## Data section
# # # #

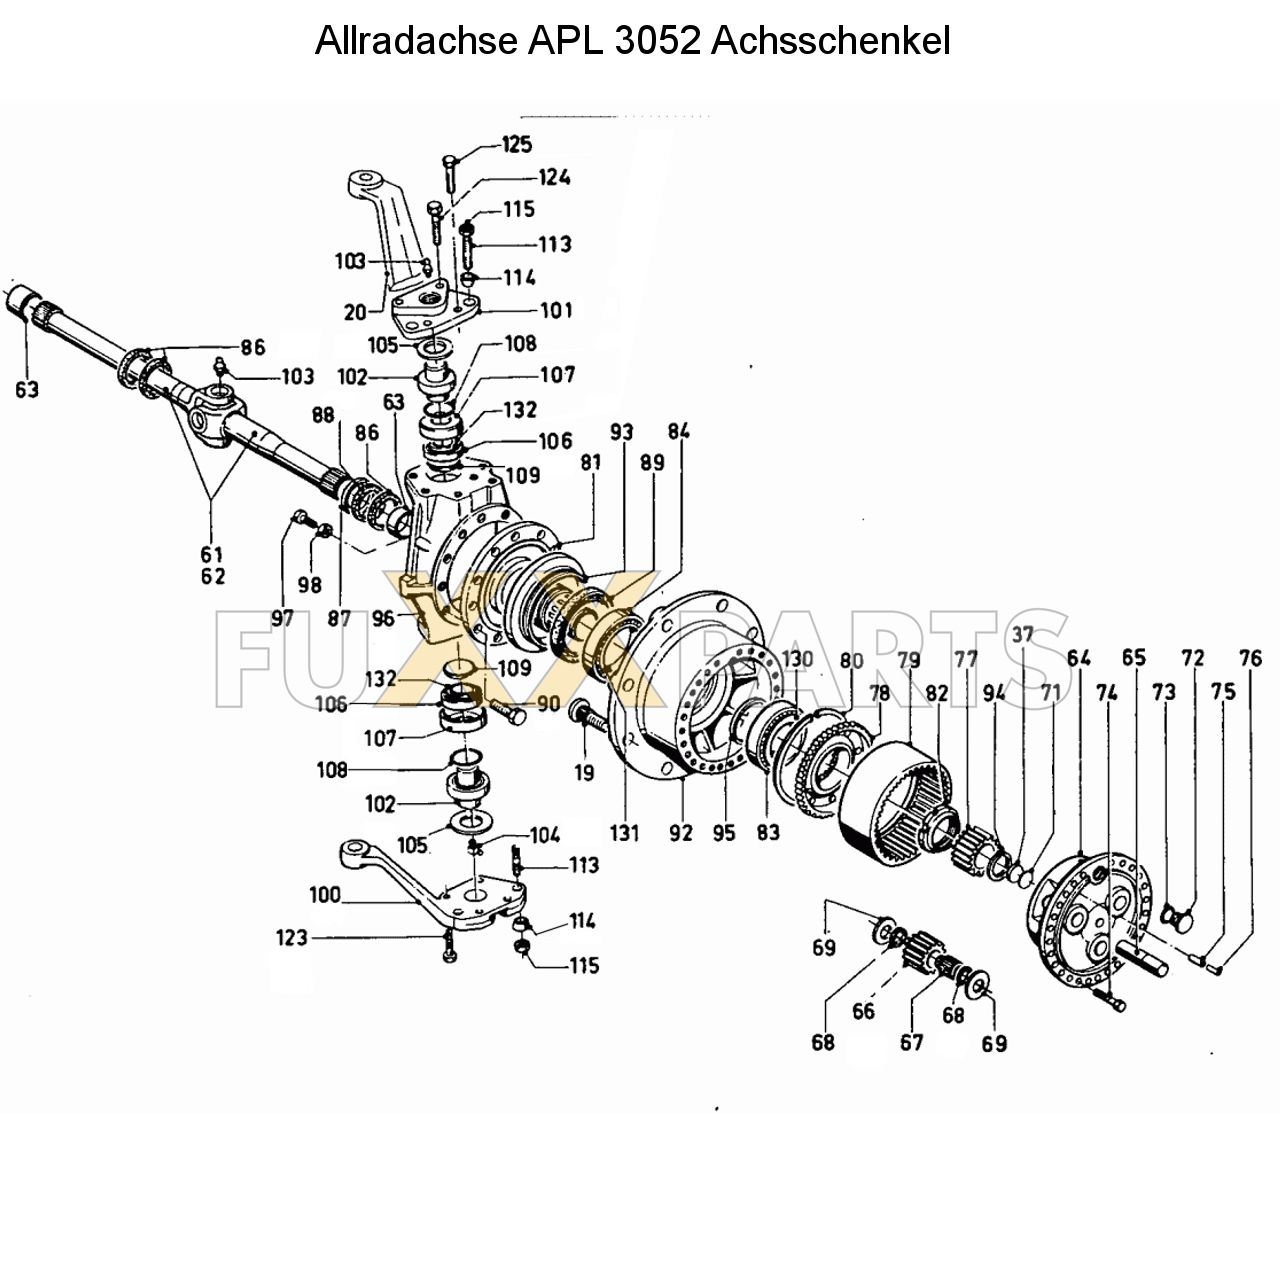 D 8006 Allradachse APL 3052 Achsschenkel
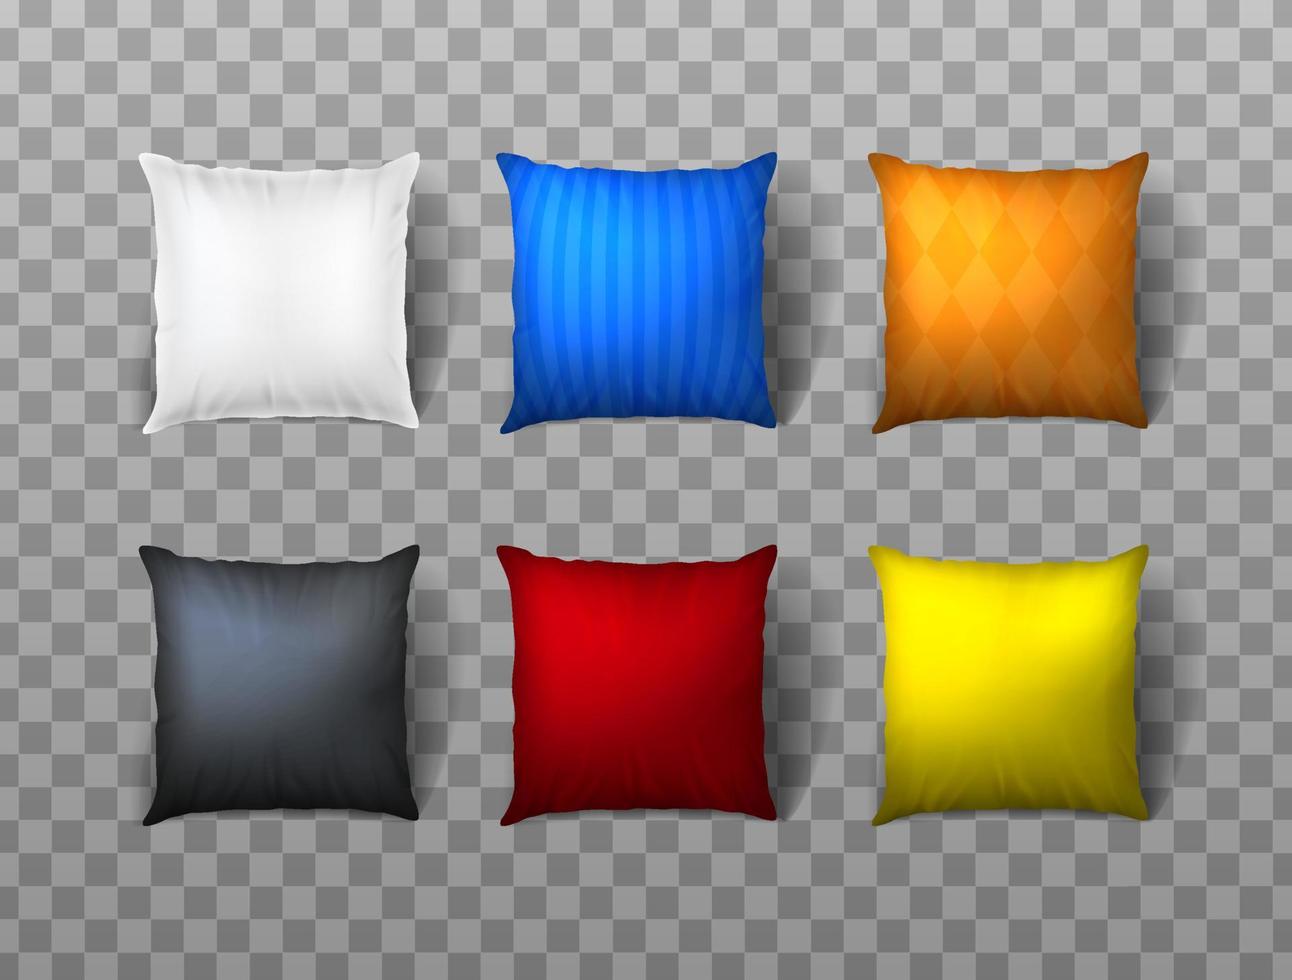 Conjunto de ícones de vetor realista 3D. almofada quadrada com padrões e cores diferentes.
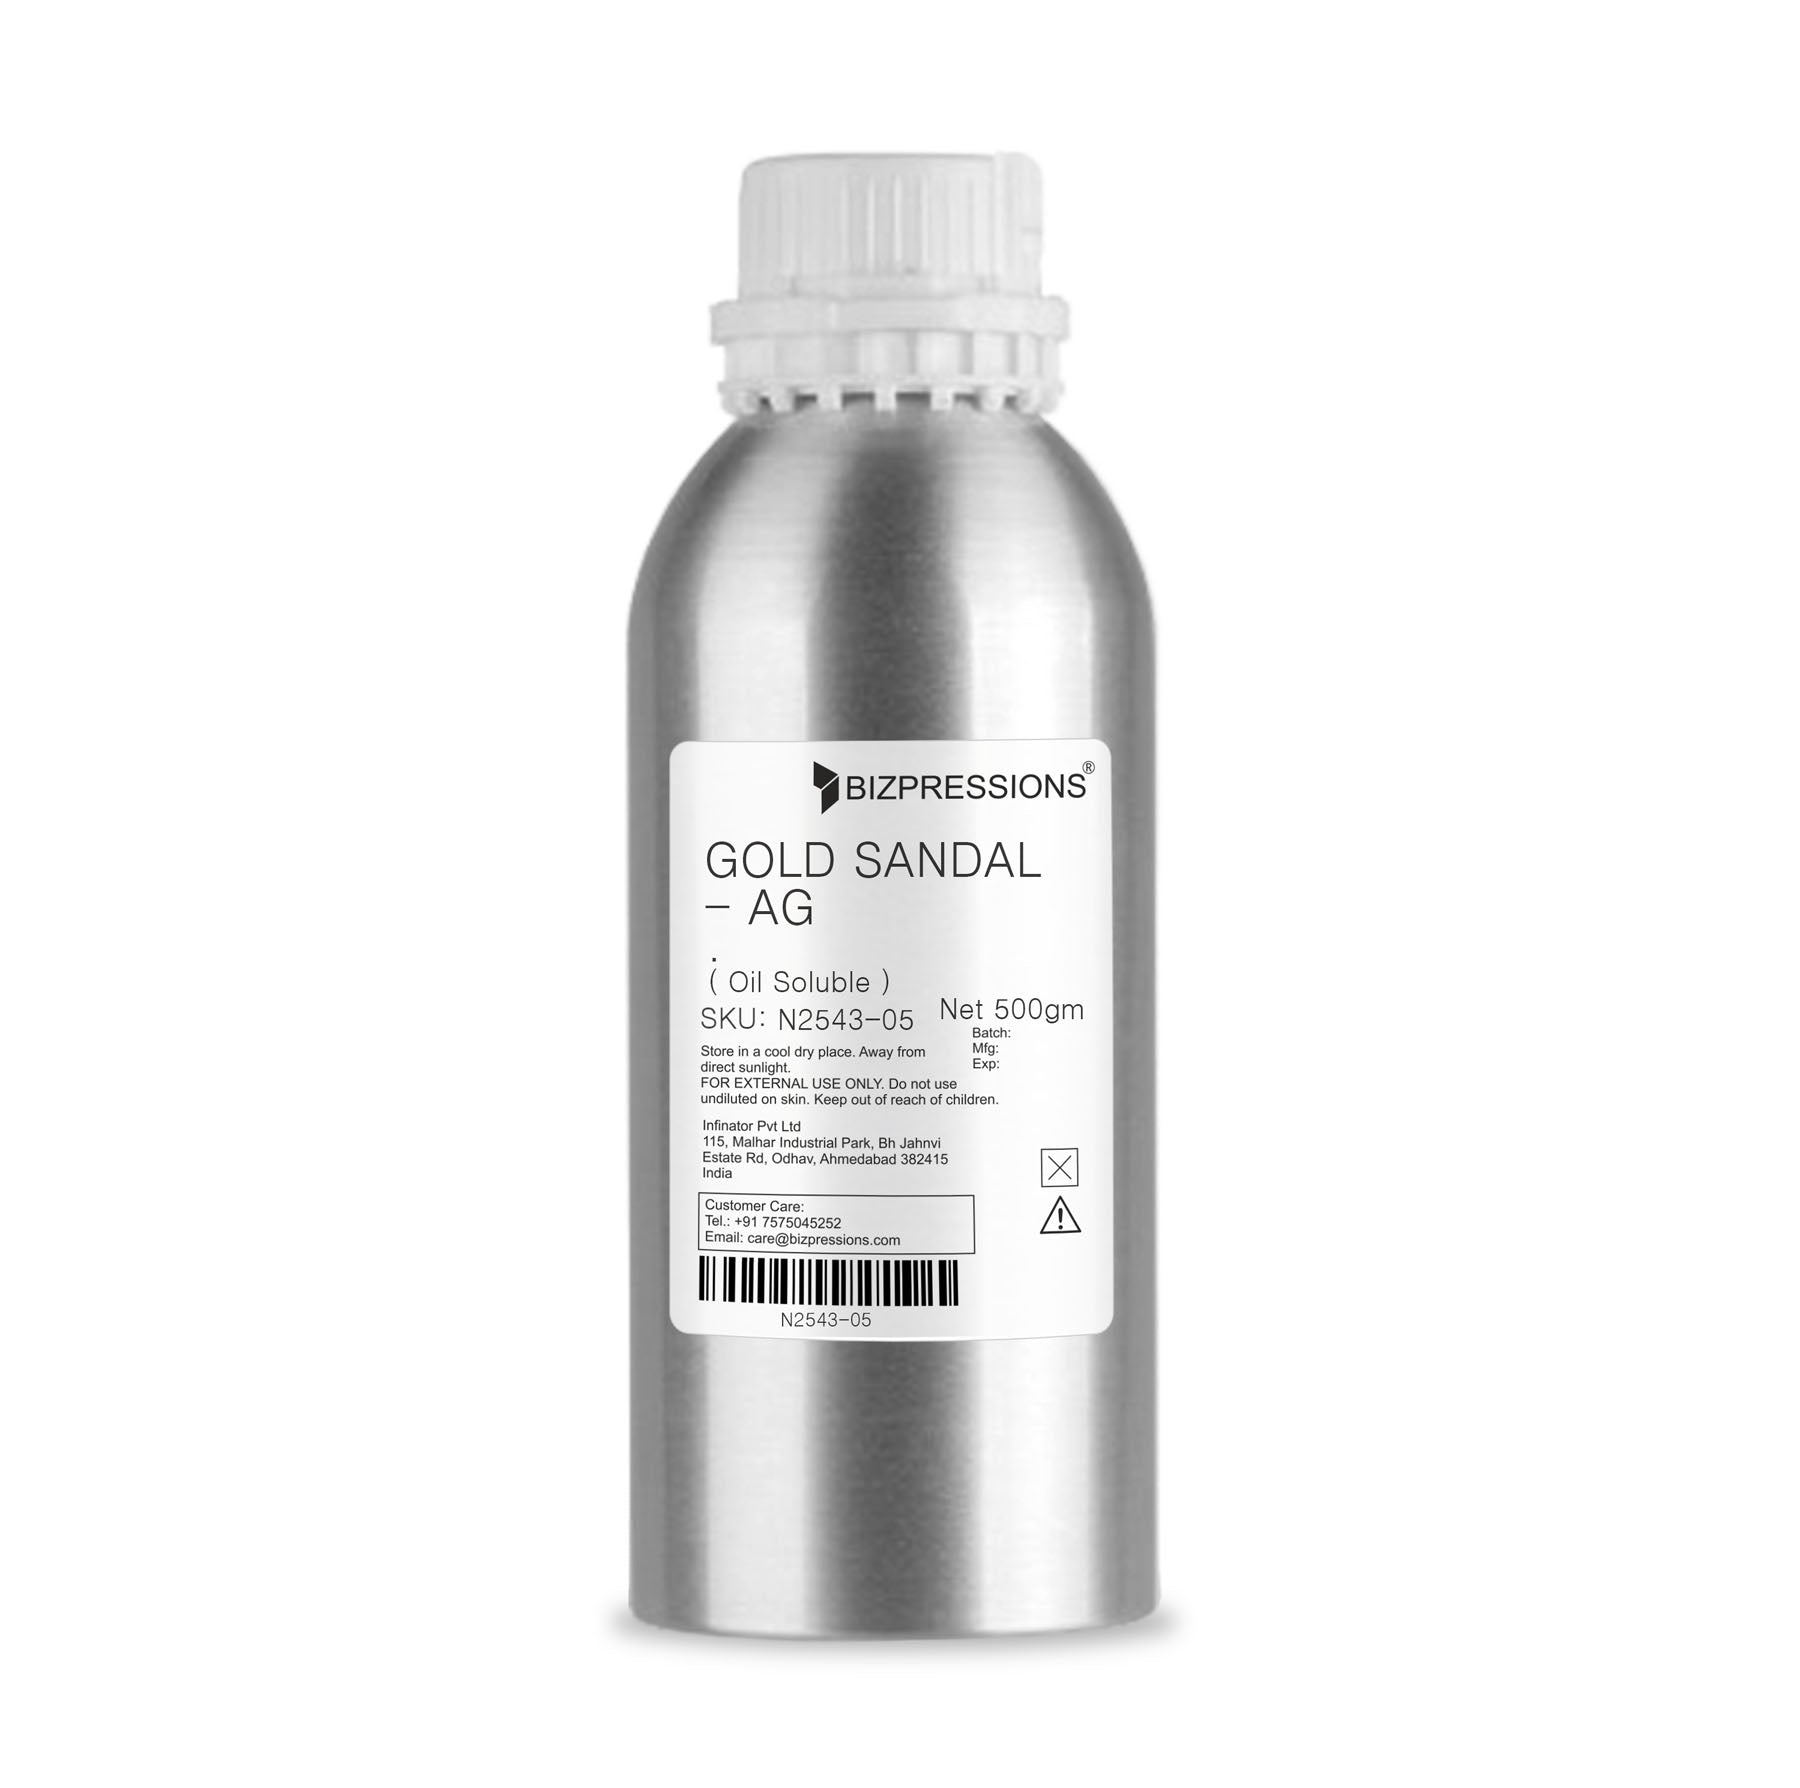 GOLD SANDAL - AG - Fragrance ( Oil Soluble ) - 500 gm

# # # #

## Work item
Only the lines from the one with "Conjunto de ícones" to the last line of the listing, inclusive, are to be set down, exactly as they stand and without pictures.

## Task answer
 Conjunto de ícones de vetor realista 3D. almofada quadrada com padrões e cores diferentes.
 GOLD SANDAL - AG - Fragrance ( Oil Soluble ) - 500 gm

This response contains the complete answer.